Ça peut sembler vrai, mais nul besoin de s’appeler Jésus pour dire cela. : c’est une brève de comptoir ! Une dame qui, visiblement, n’avait que faire des consignes de prudence gouvernementales répondait au journaliste qui interrogeait sa présence dans la file compacte d’un marché parisien : »la peur ne supprime pas le danger ». Est-ce une raison pour s’y exposer de façon délibérée ? La peur mobilise nos ressources, nos intelligences, notre vigilance et nous conduit à adopter des conduites préventives appropriées. La peur, vieil atavisme qui puise à nos racines de mammifères humanoïdes, a ses vertus qui parfois débouchent sur la vie. Mais souvent, aussi, elle détruit l’humain qui se cache en nous. Et c’est sans doute de cela dont il s’agit dans la bouche de Jésus.

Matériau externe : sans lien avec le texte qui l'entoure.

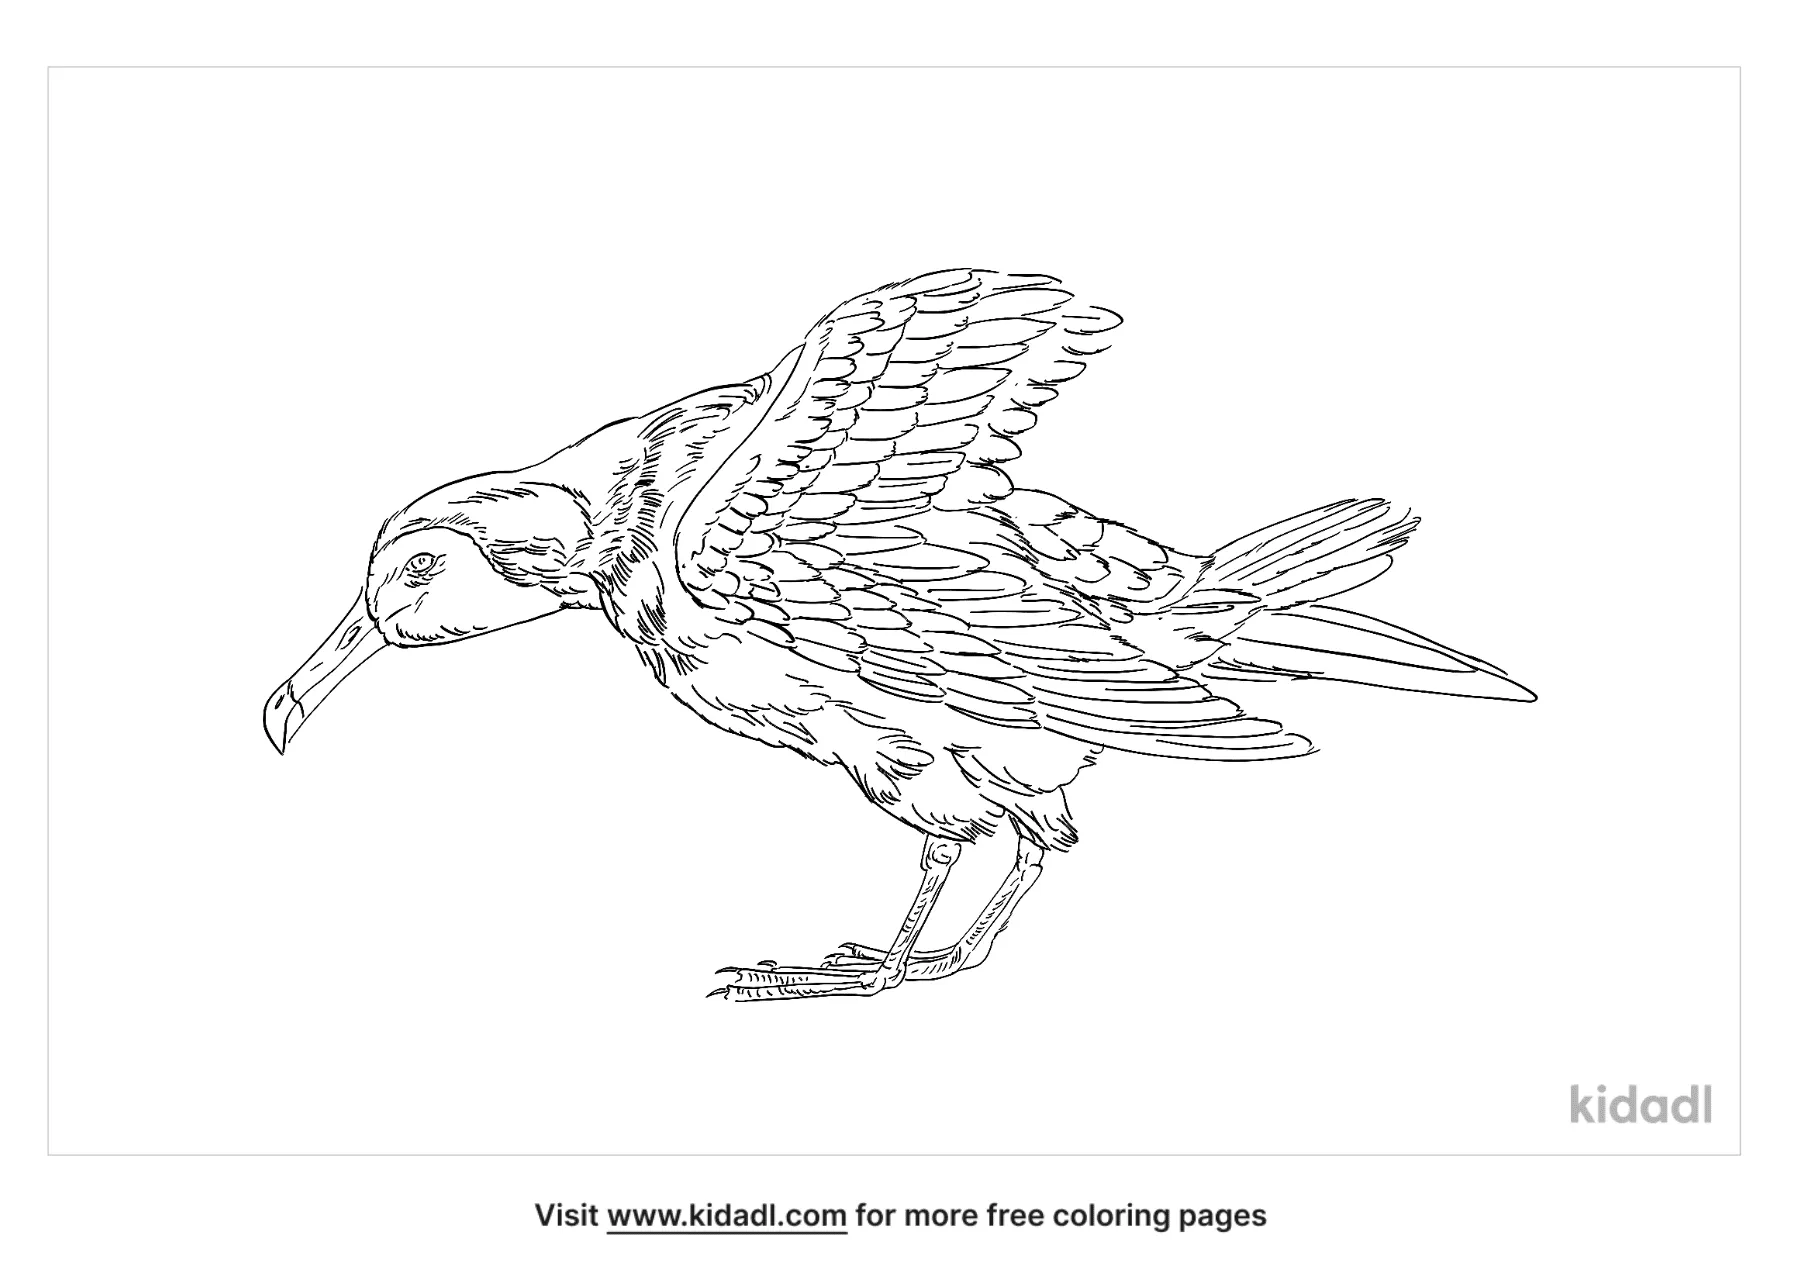 Amsterdam Albatross Coloring Page   Free Birds Coloring Page   Kidadl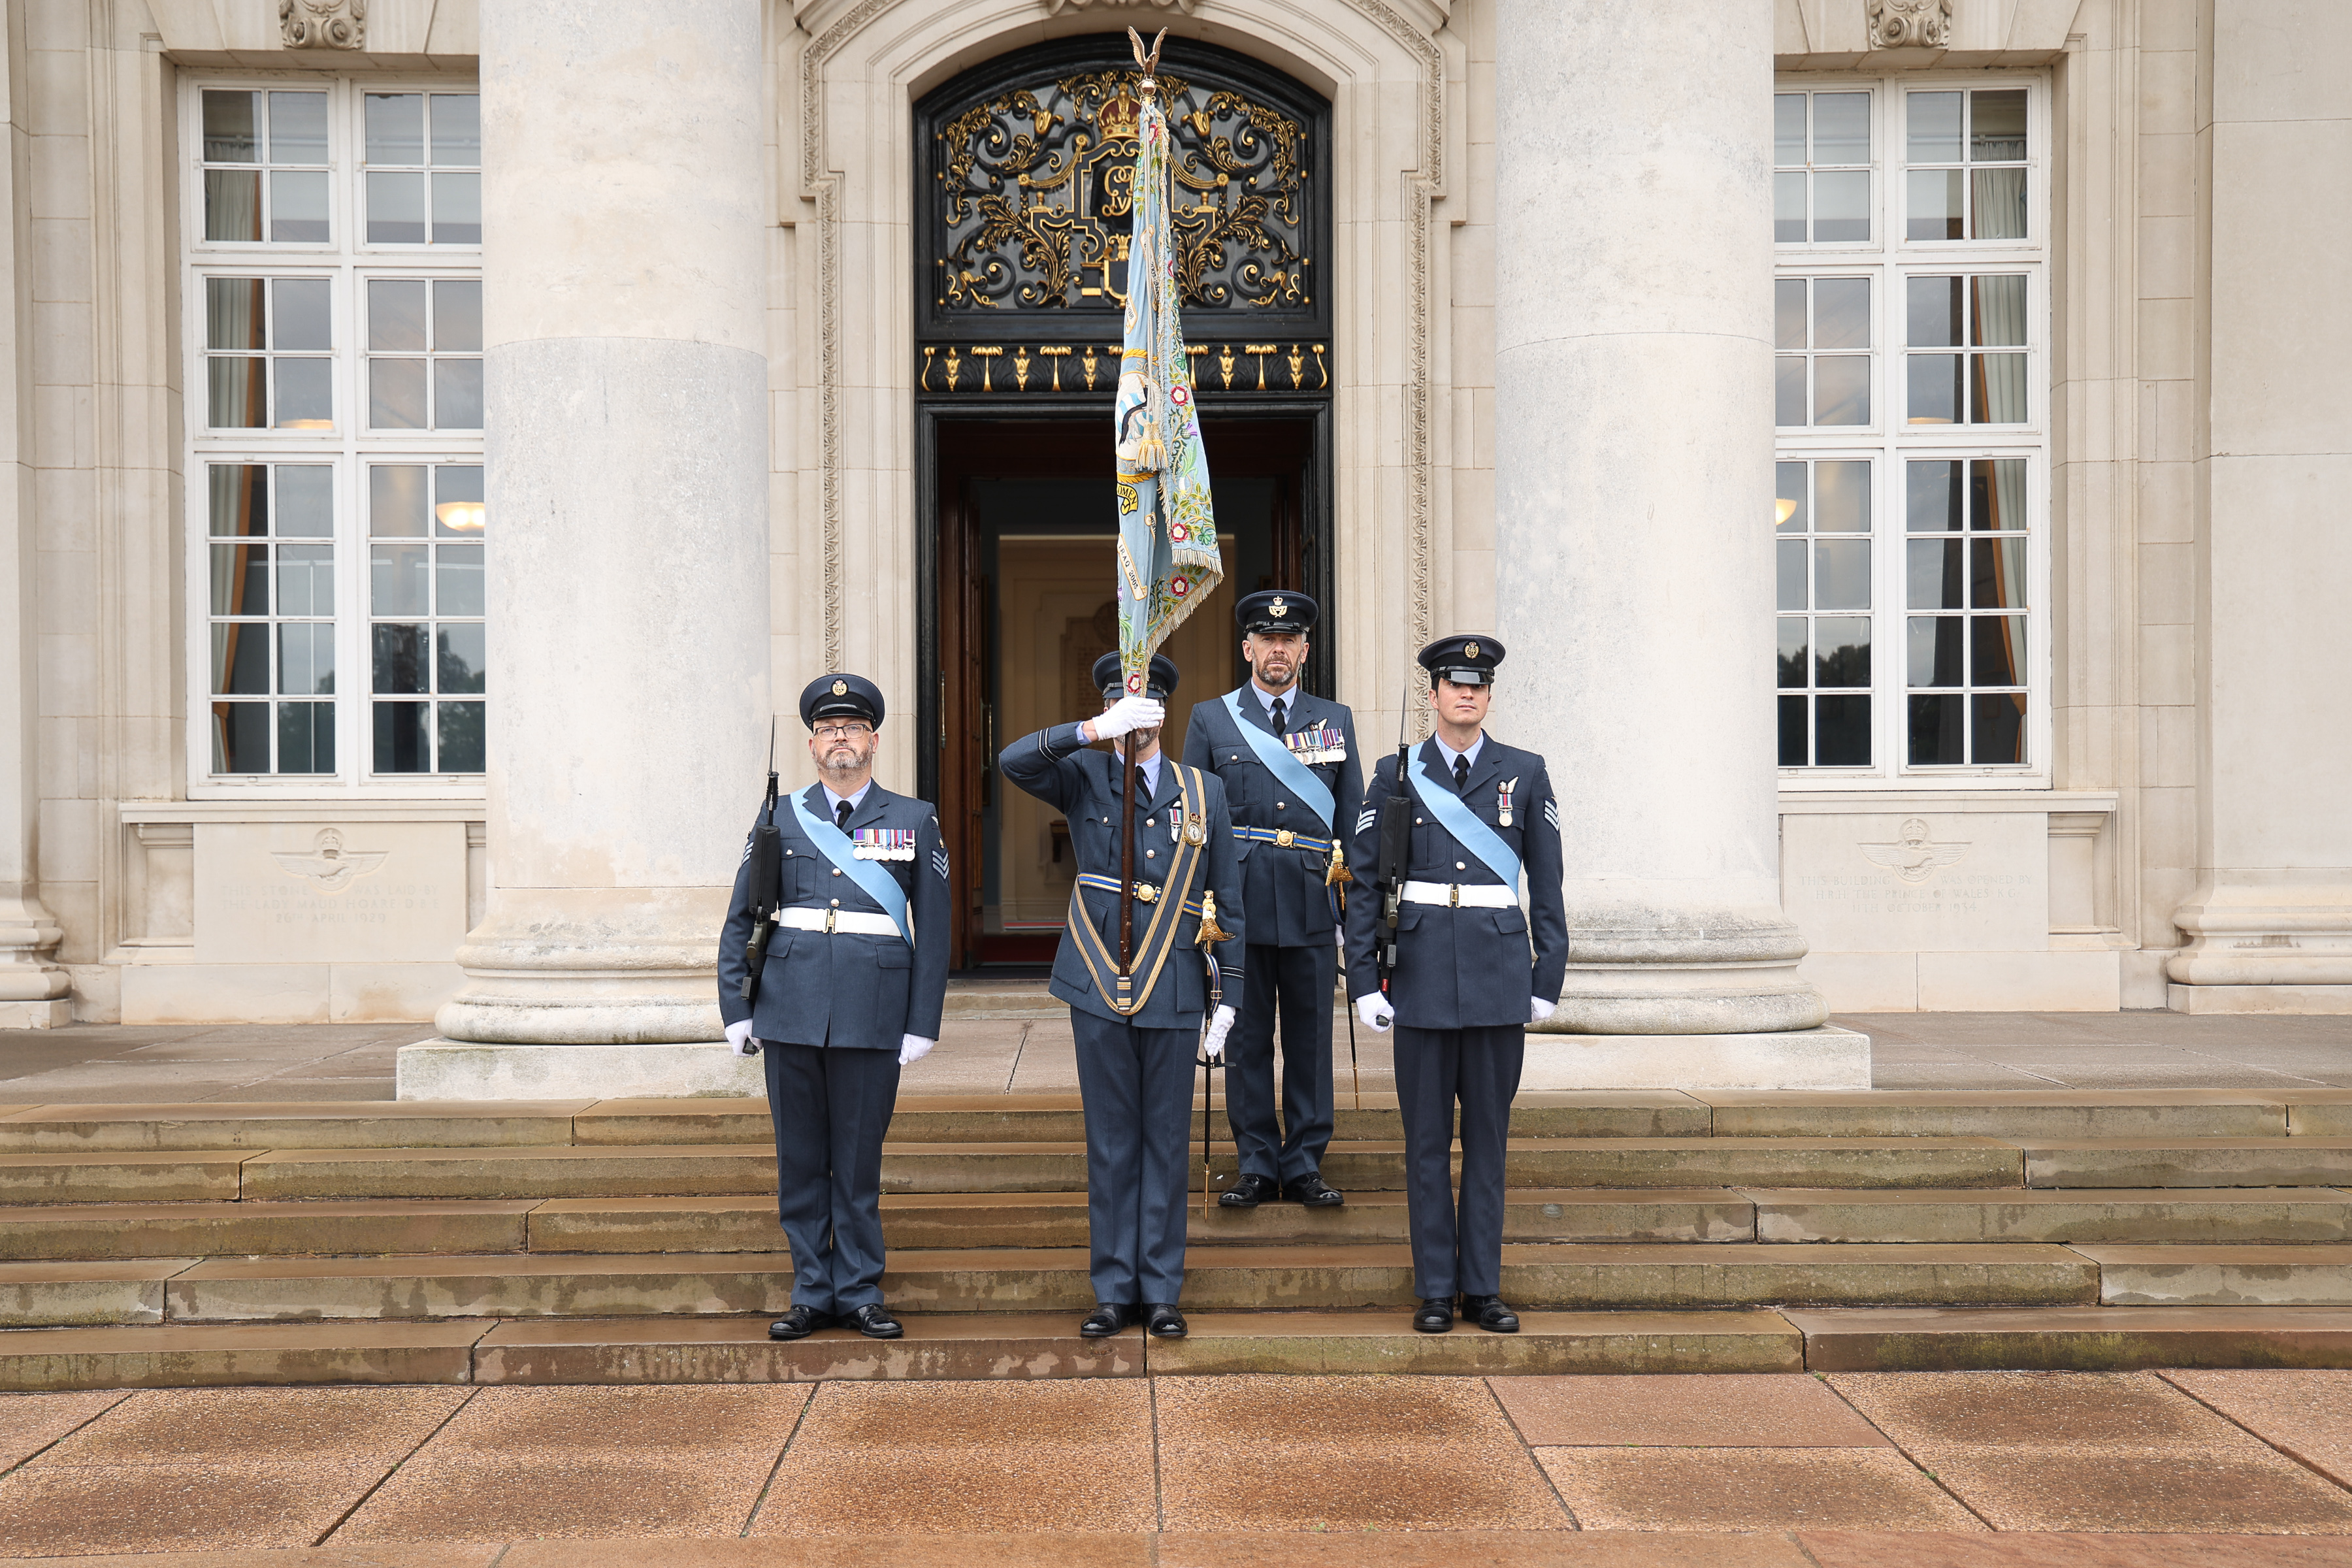 No.47 Squadron standard presented outside College Hall with a guard of 3 ceremonial personnel

Tout d’abord, le texte ne parle pas de peur mais de souci. On pourrait traduire (de façon littérale) par : « qui parmi vous qui êtes en train de vous inquiéter peut rajouter une coudée à son âge ? » À vouloir récuser tout hasard, tout destin, toute nature, toute transcendance, (appelez-le comme vous voulez !) on croit devenir maître de notre destin. Poids écrasant. On se croit libre de choisir sa vie, mais on devient incapable de choisir la vie. On se croit libre, on est juste prisonnier d’un égo tyrannique. Pensez-vous à ce point être maître de votre vie que vous en preniez un soin tel que vous oubliez de vivre ?
Se dessaisir du souci de soi, cesser de vouloir mériter sa vie… si c’était le secret d’une vie bonne ? Le coeur de la Réforme se tient dans cette proposition : Dieu nous libère du poids de ce souci. On n’a pas à gagner le droit de vivre. Dieu n’a pas à être satisfait. Car sa seule satisfaction c’est que nous soyons vivants, de gratuité. Sans rien avoir à prouver, à justifier ni à mériter.